Monday, May 14, 2007

Cinematical and Monika Bartyzel understand Billy

Cinemtatical's take on Billy The Kid:

Jennifer Venditti is a casting director who found herself in Maine, looking for some interesting teenagers for Carter Smith's short film Bugcrush. While scoping out a local high school, she spoke with a group of bullies who told her about a boy they had harassed. Intrigued, she asked who, and they pointed to Billy. Venditti sat down to speak with him, and the moment he spoke, she realized what a special person was sitting across from her. She followed him through his life for a week, gaining a slew of footage that chronicles the angst of a stellar 15-year-old -- footage asking to be molded into a film that became Billy the Kid.

Of course, making a documentary about a 15-year-old boy raises questions about whether Billy is exposed or exploited. Recording adolescence means grabbing all of those awkward and gut-wrenching moments and molding them into a cinematic whole. Superficially, you could question this film for showing all of Billy's highs and lows -- both his happiness and his vulnerability. However, to do so is to miss what Venditti was trying to achieve, and what I believe she succeeded in doing. The film challenges our assumptions and tendency to stereotype while reminding us of just how great it is to be different. Billy has his struggles and his strangeness, but he's also got a large heart and genuine vision that should be celebrated instead of questioned.Watching this documentary is an exercise in restraint -- the restraint not to write down everything that Billy says. His words, a mixture of his thoughts and the media he immerses himself in, are beyond what any of today's most skilled comedians could muster. Just when you think something couldn't be more pure gold, he surprises you with another line. During one scene, the camera records Billy playing a shoot-em-up video game, holding the gun so close to the screen that you can't help but smile. You think that it's a simple scene, but then Billy's words reveal the truth below the surface: "I don't hurt the women. I think it is a sin to hurt the women -- real or fake." The statement is both youthfully naïve and wisely sincere.

These feelings are surely based in his family's struggles. Both Billy and his mother, Penny, talk openly to the camera about her struggles with his abusive, biological father. When Billy expresses his desire to impress his stepfather, who is never seen onscreen, his desperation for male guidance is palpable. However, at the same time, his mother is doing one hell of a job at providing him with guidance and companionship. They have a strong and communicative relationship that covers everything from famous artists to family issues, even while comfortably housed in a "Trucker" tee or sweatpants.

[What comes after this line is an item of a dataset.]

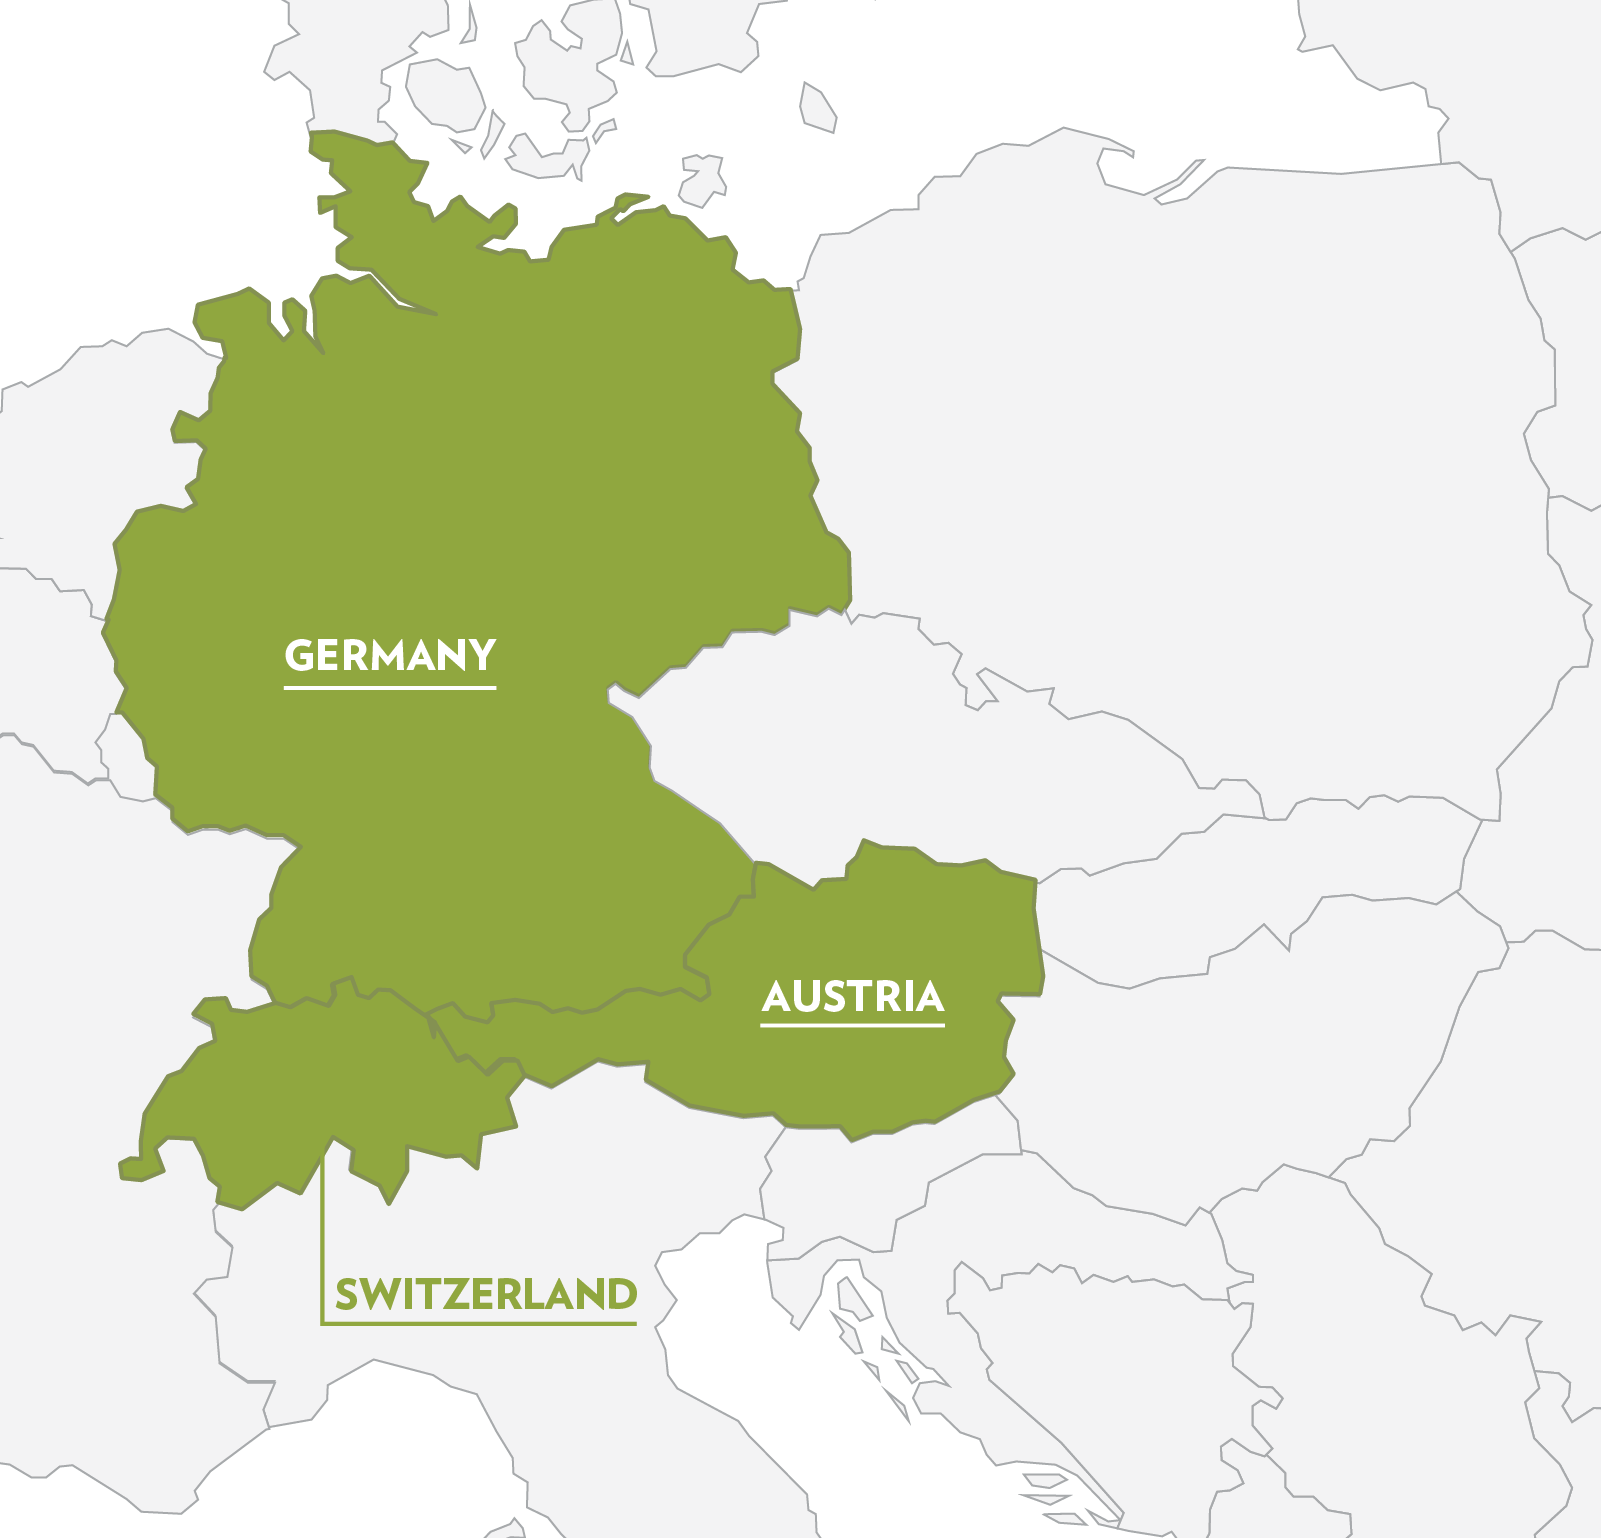 Map Of Austria Switzerland And Germany - Maps of the World
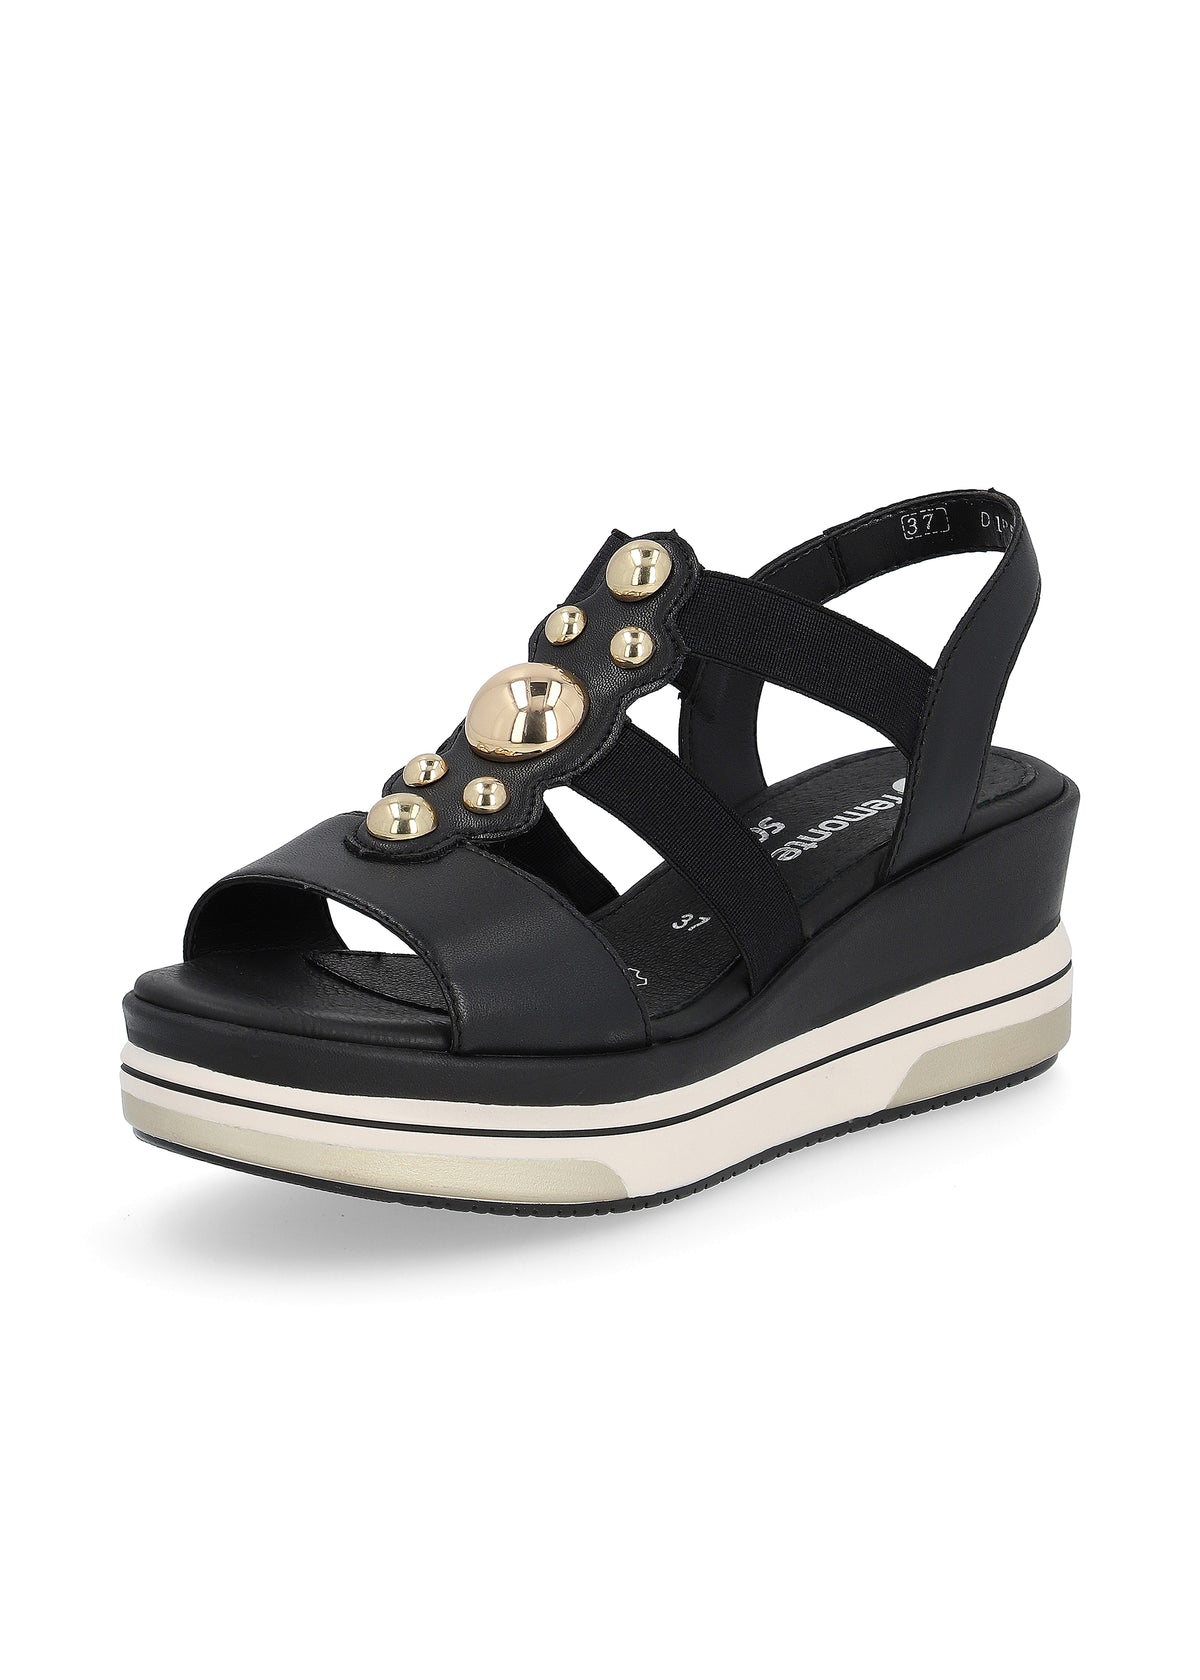 Sandals with a wedge sole - black, gold decorations

However, the highlight of the relationships explored in the film is Billy's first love interest, a shy and smiling young girl named Heather. Her little brothers inform Billy that she is often teased for her continually racing eyes. This affliction means nothing to the 15-year-old, and it definitely makes you rethink the last time you questioned someone's worth due to minor physical differences. Unfortunately for the burgeoning couple, Billy's at the height of excitement and adolescent lust, so he's not too keen on the art of patience. As he zooms forward, full speed ahead, you can't help but groan and cringe. You root for him; you shake your head when you know he will do the wrong thing; and you understand why.

Venditti's vérité shots let the story do the talking, and capture all those fleeting moments that could be missed in a blink, like the way Billy's eyes dance around Heather, desperate to think of something to say. The shots are unobtrusive and inviting, which undoubtedly helps to fuel the rollercoaster of Billy's emotions. He is, by no means, a perfect individual, but that's what makes him perfect. He's real. He feels upset and angry just as much as he feels loving and protective. Billy reminds us that there are many grains of sand that go into the bottle of life. Just as many types of people should be celebrated for what they can offer, no small bit should be taken as the answer for a larger whole.